Shrivastava and Dai explained their filtering approach using some Twitter data. According to Twitter, about 500 million more tweets are sent per day, which are typically published just one second after the users pressed send. However, during election Twitter was receiving about 10,000 tweets per second, which would equivalent to about six tweets per millisecond, considering the latency of one second.
"If you want to apply a filter that reads every tweet and flags the ones with information that's known to be fake, your flagging mechanism cannot be slower than six milliseconds or you will fall behind and never catch up," Shrivastava told Free Press Journal.
Researchers noted that it is also important to have a low false-positive rate when flagged tweets are sent for another manual review and generally minimize genuine tweets that are mistakenly flagged.
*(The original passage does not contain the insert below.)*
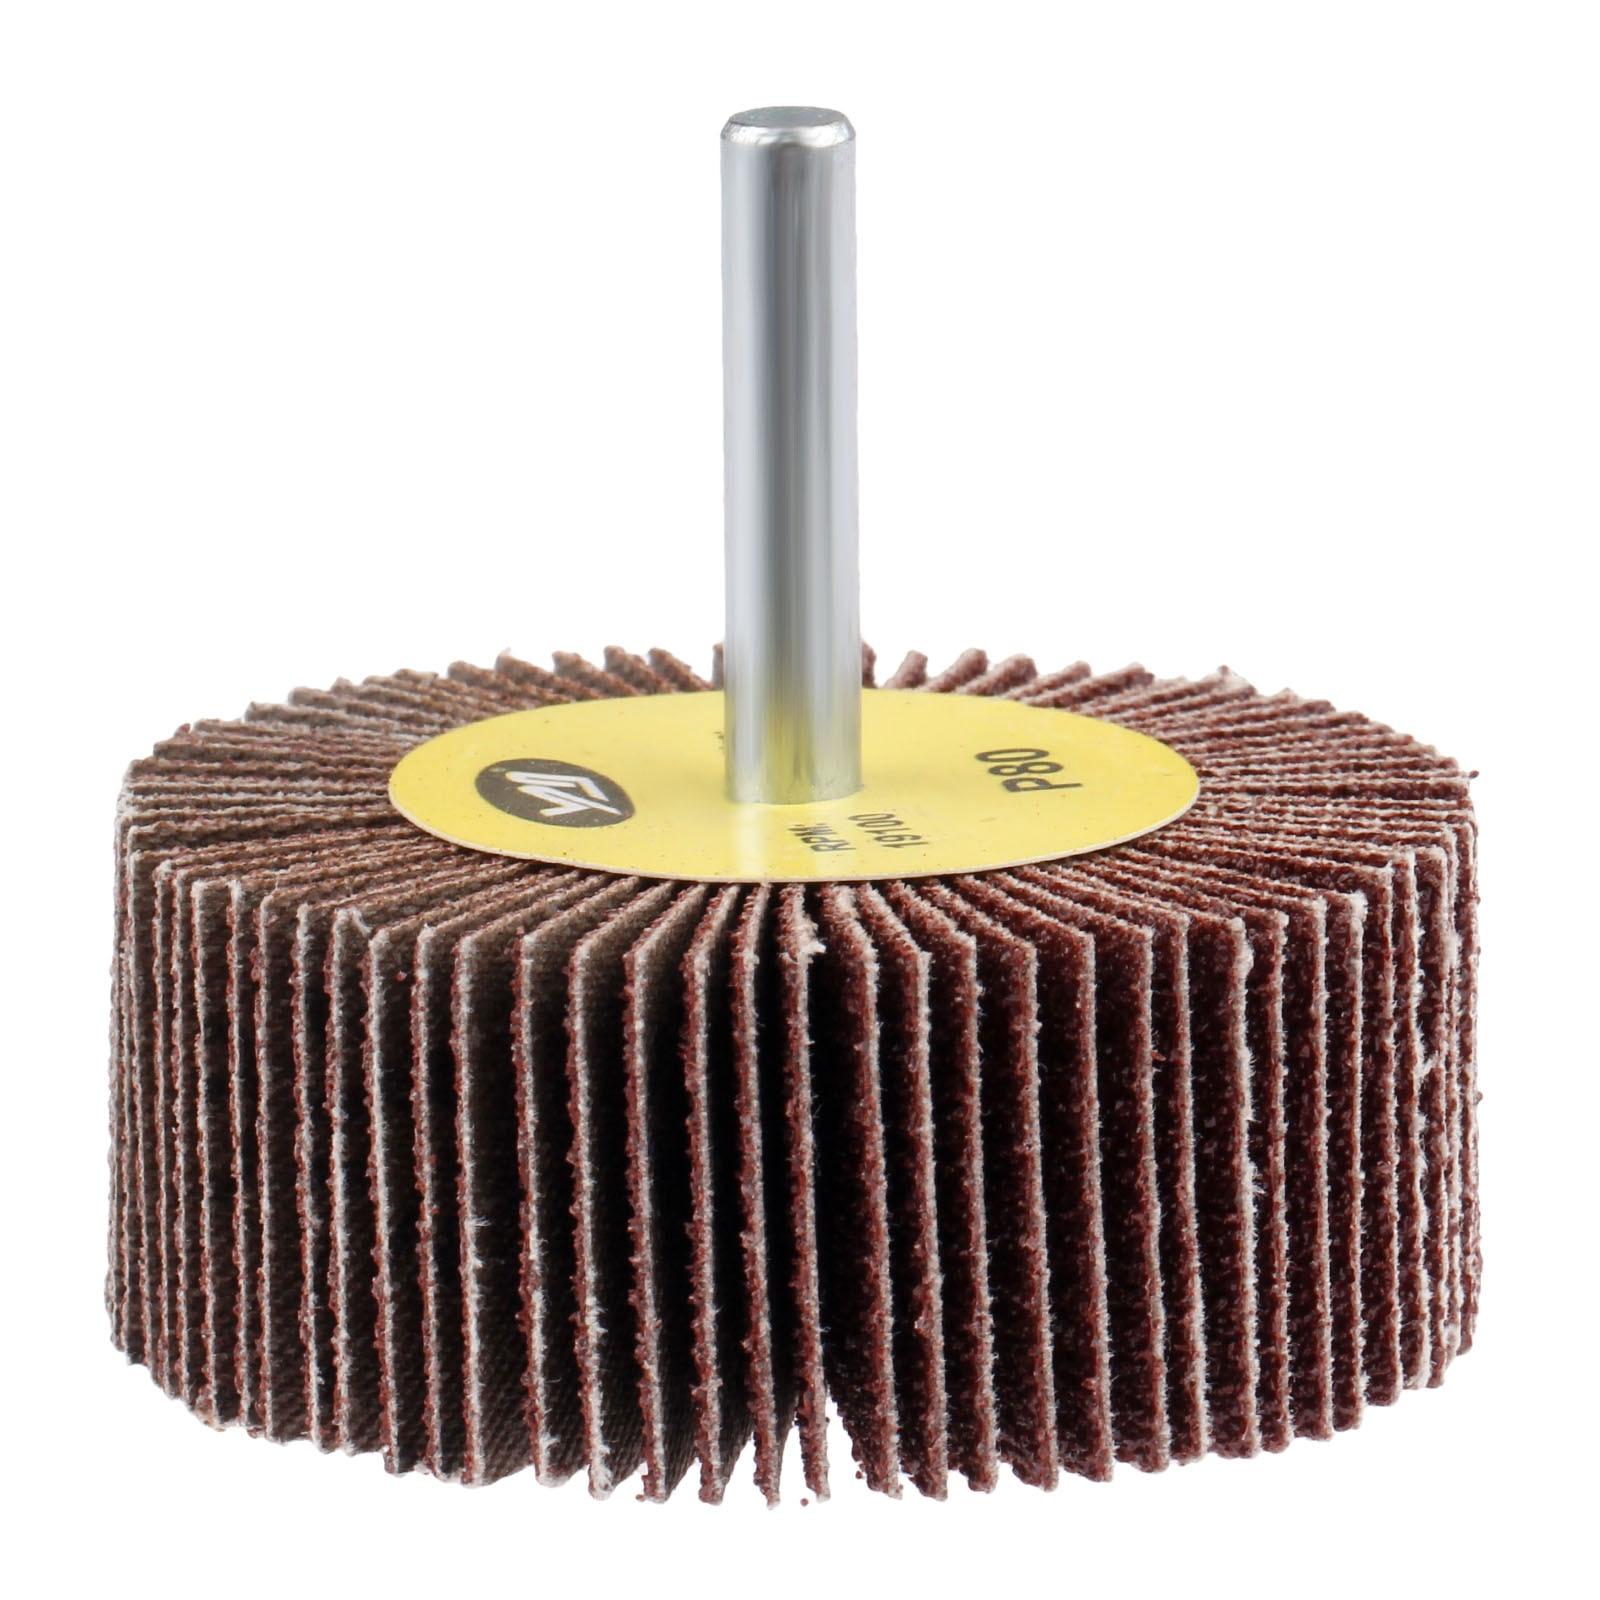 DRELD 1Pc 80-Grit 60mm Sanding Flap Wheels Buffing Grinding Flap Wheels Brush Sandpaper For Rotary Tools Dremel Accessories
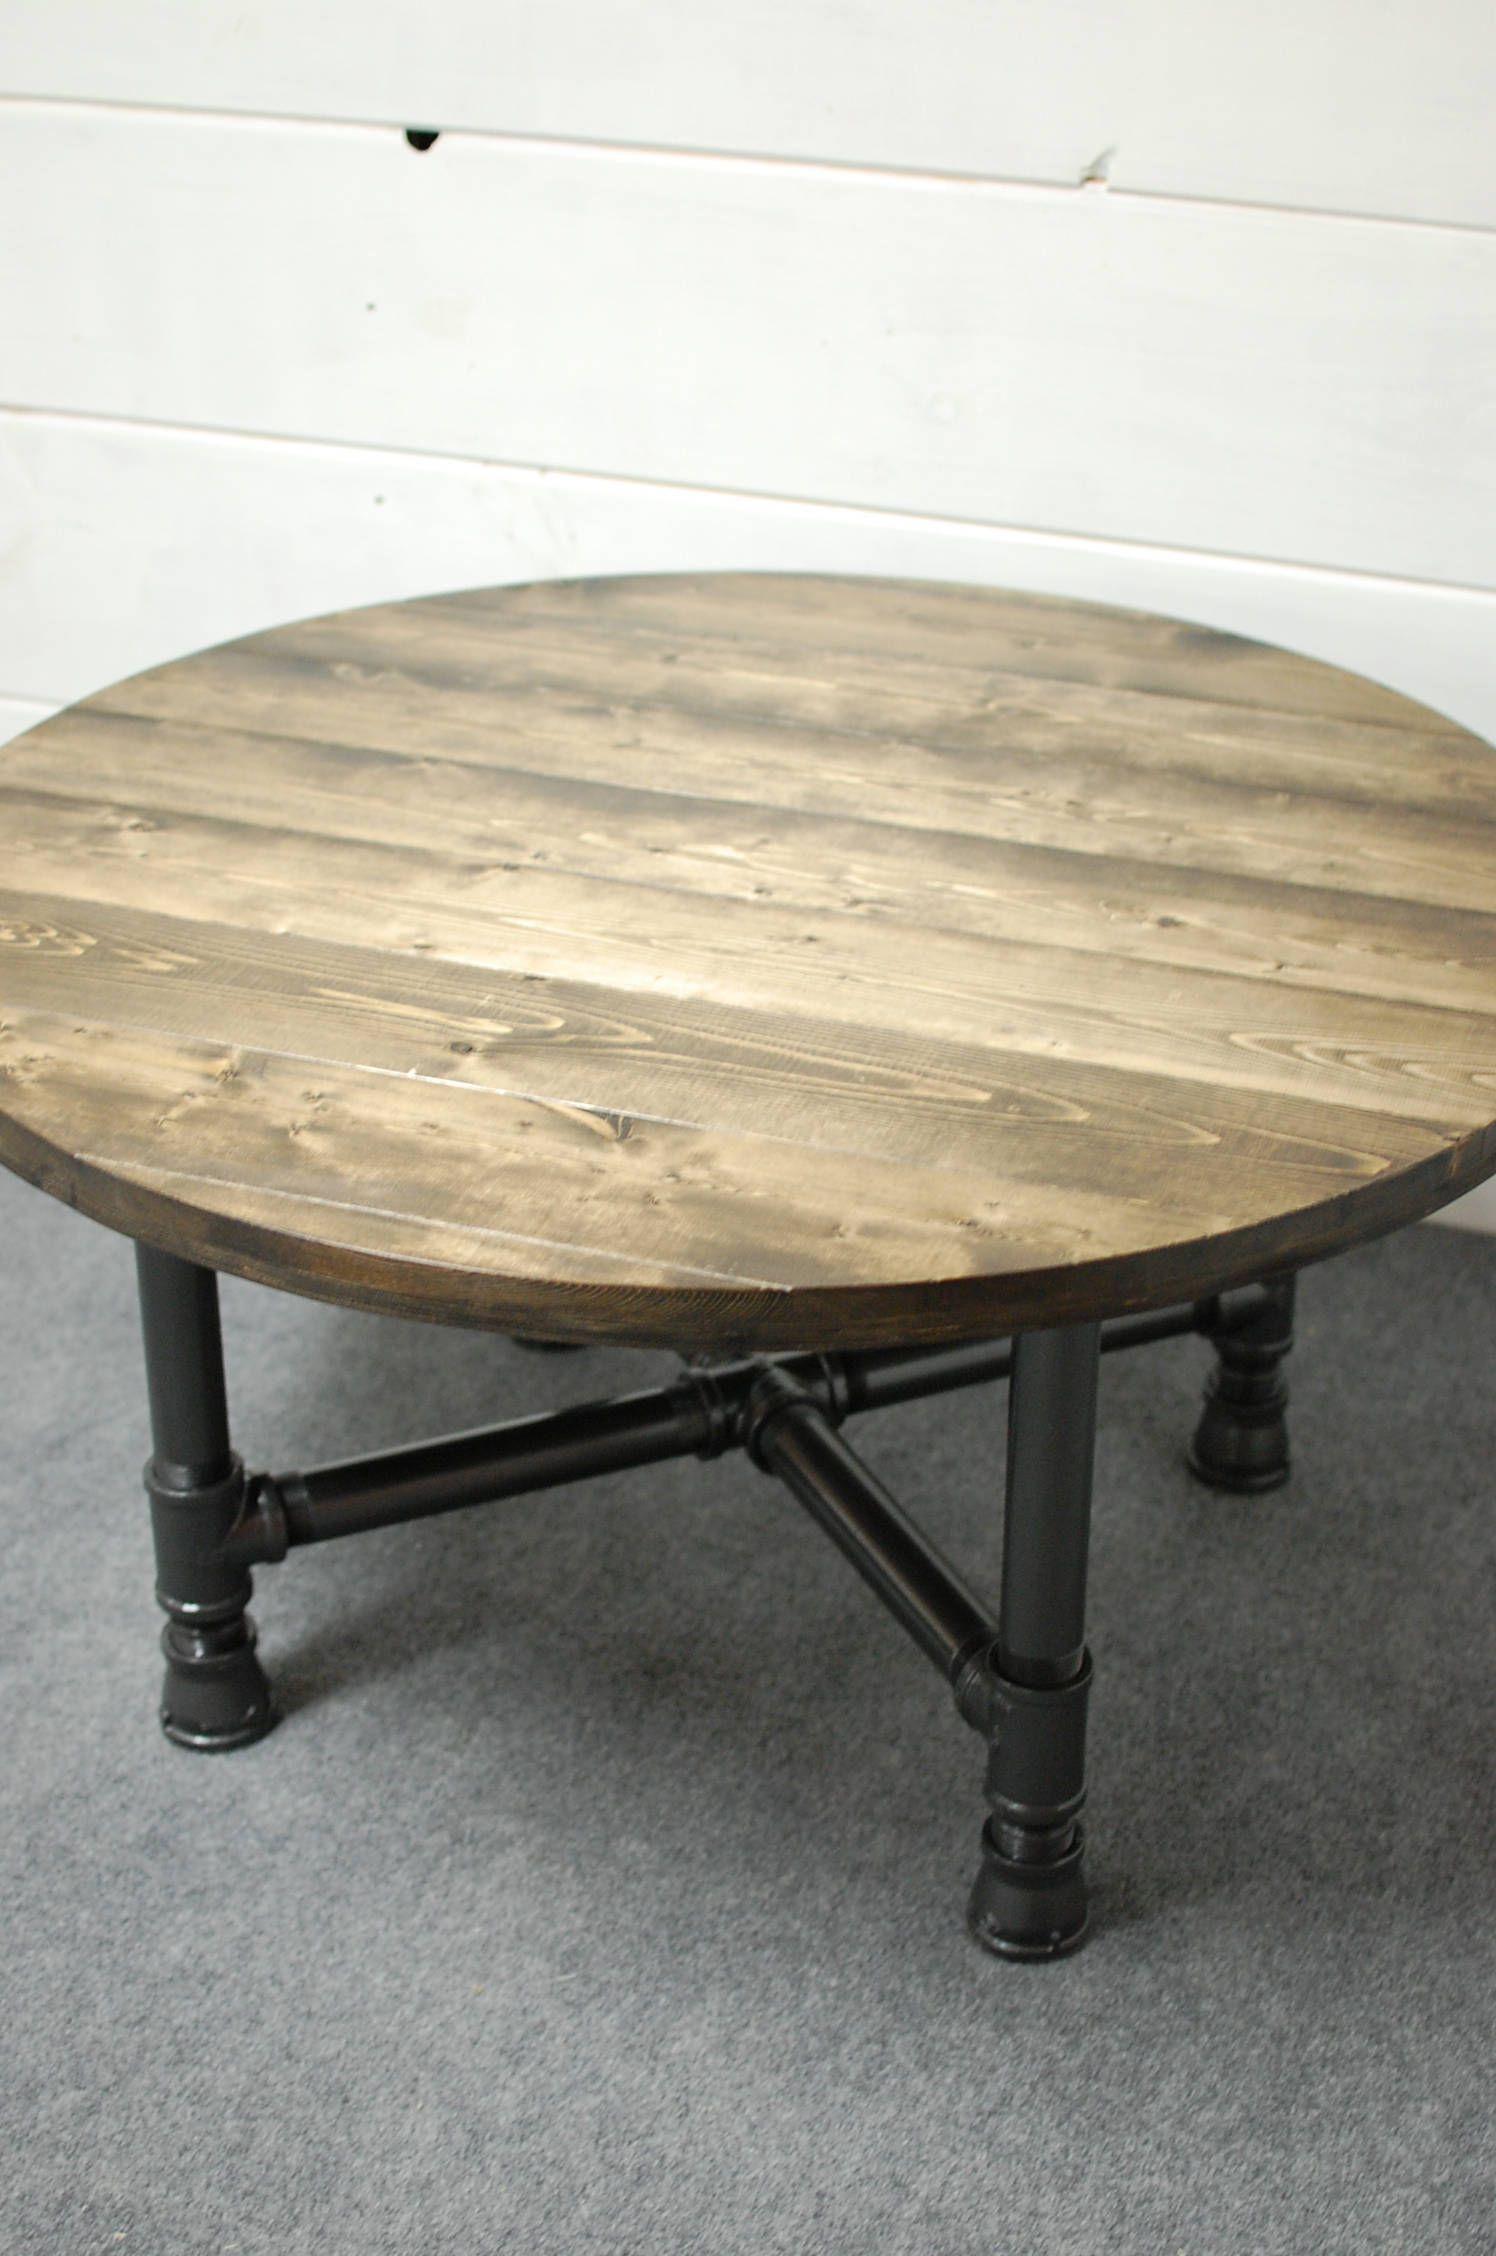 industrial furniture hardware. Reclaimed Wood Furniture, Industrial Coffee Tables, Rustic Table, Pipe Sizes, Pipes, Hardware, Rounding Furniture Hardware -

"If your false-positive rate is as low as 0.1%, even then you are mistakenly flagging 10 tweets per second, or more than 800,000 per day, for manual review," said Shrivastava adding that this is the reason most "AI-only approaches are prohibitive" for regulating fake news.
Although Twitter did not reveal how it filters tweets, researchers believe the social media giant uses Bloom filter, which was developed in 1970. A Bloom filter could find all codes that match the database, but it also generate some false positives results.
Shrivastava noted that researchers have been proposing various methods using machine learning to improve Bloom filters' efficiency since 2017.